Unbelievably inhuman situation
Sarah Carabott spoke to witnesses and sources close to the protesters for a first-hand account. Muammar Gaddafi remains in total control of Tripoli while an undeclared evening curfew keeps most rebels behind locked doors for fear of being shot by...
Sarah Carabott spoke to witnesses and sources close to the protesters for a first-hand account.
Muammar Gaddafi remains in total control of Tripoli while an undeclared evening curfew keeps most rebels behind locked doors for fear of being shot by “Gaddafi’s men” who roam the streets in four-wheel drive vehicles, according to people in the capital.
The family of a young injured boy, who is being treated daily for leg wounds at his house in the capital, refused to take him to hospital out of fear he would not come out alive.
Numerous claims surfaced yesterday of people being killed in hospitals and a large number of corpses disappeared, denying their families a burial.
A source based in Misuratah claimed the police had kidnapped 61 teenagers between 16 and 18 years old and took them to undisclosed destinations where they were not allowed to shave. People who live in the town said the youths were being given hallucinogenic tablets and presented to the media as “the people behind all this trouble”.
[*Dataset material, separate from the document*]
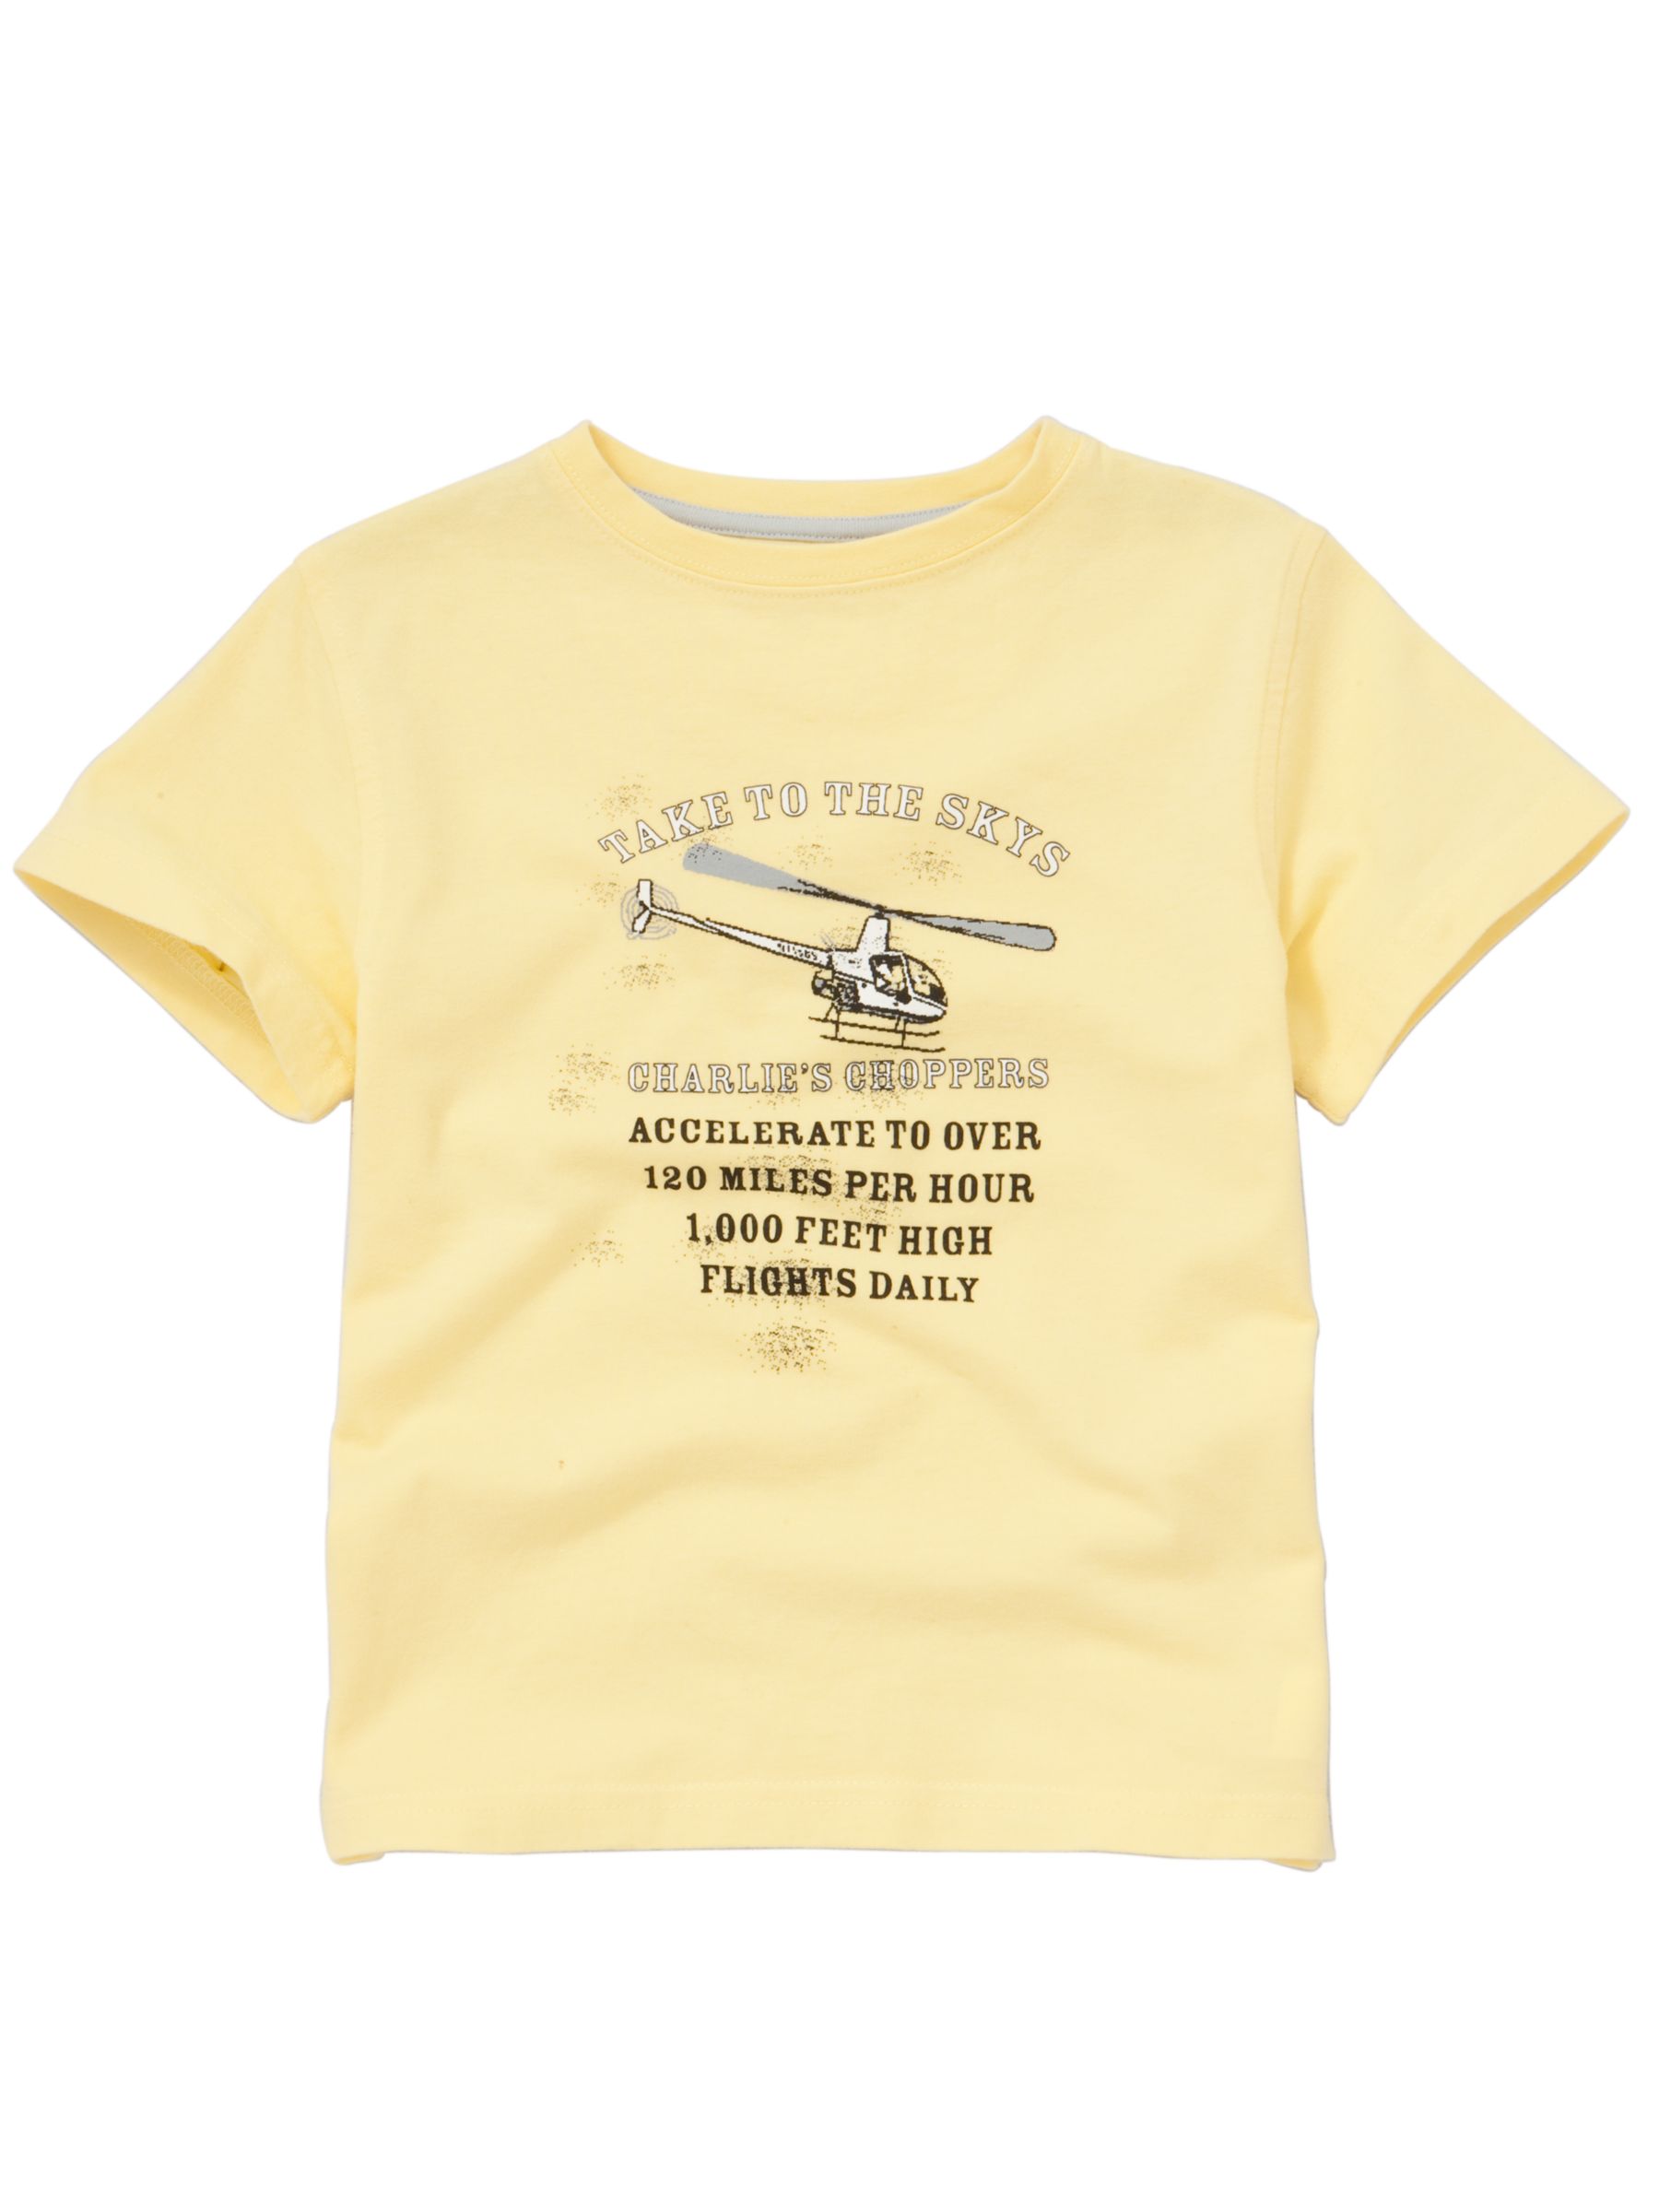 Plane Graphic T-Shirt, Yellow

The opposition’s advance on Col Gaddafi’s strongholds around Tripoli seems to be on hold. Az Zawiyah, a small town next to the capital, has been cut off completely from the city by one of Khamis Gaddafi’s military camps. Reports on news channels last night spoke of Gaddafi forces firing on protesters after Friday prayers, with the death toll put at about 60.
Although there are no military units in Brega, a major oil-exporting port to the West of Egdabia, the regime wants to regain hold of this 180,000 barrel-a-day city. Civilians are therefore defending it “with all their might”. Fights between revolutionaries and tribes from Surt have been going on relentlessly for the past few days.
People in Zentan, the first western Libyan city to start protesting after Benghazi, were paid to remain quiet with families allegedly offered up to $3 million, sources claimed.
People outside Libya have refrained from contacting relatives in the North African country as most calls are monitored.
A young man based in Tripoli said people had been arrested over the last two days after they were tracked down when using their mobile phones. In Libya, phone numbers are registered on ID cards, so someone would always get in trouble, he added.
Various Libyan Facebookers said that, for security reasons, the safest way to contact relatives and friends was through the internet, using satellite connections and not the government’s DSL. However, as was the case in Egypt and Tunisia a few weeks ago, internet surfers have to change their registered online location every once in a while.
A Libyan man pleaded with the international community, especially neighbouring countries, to “do its best to spread the Libyan cause. No one in Libya is sure if they will be alive in the coming days because what is happening around us is unbelievably inhuman”.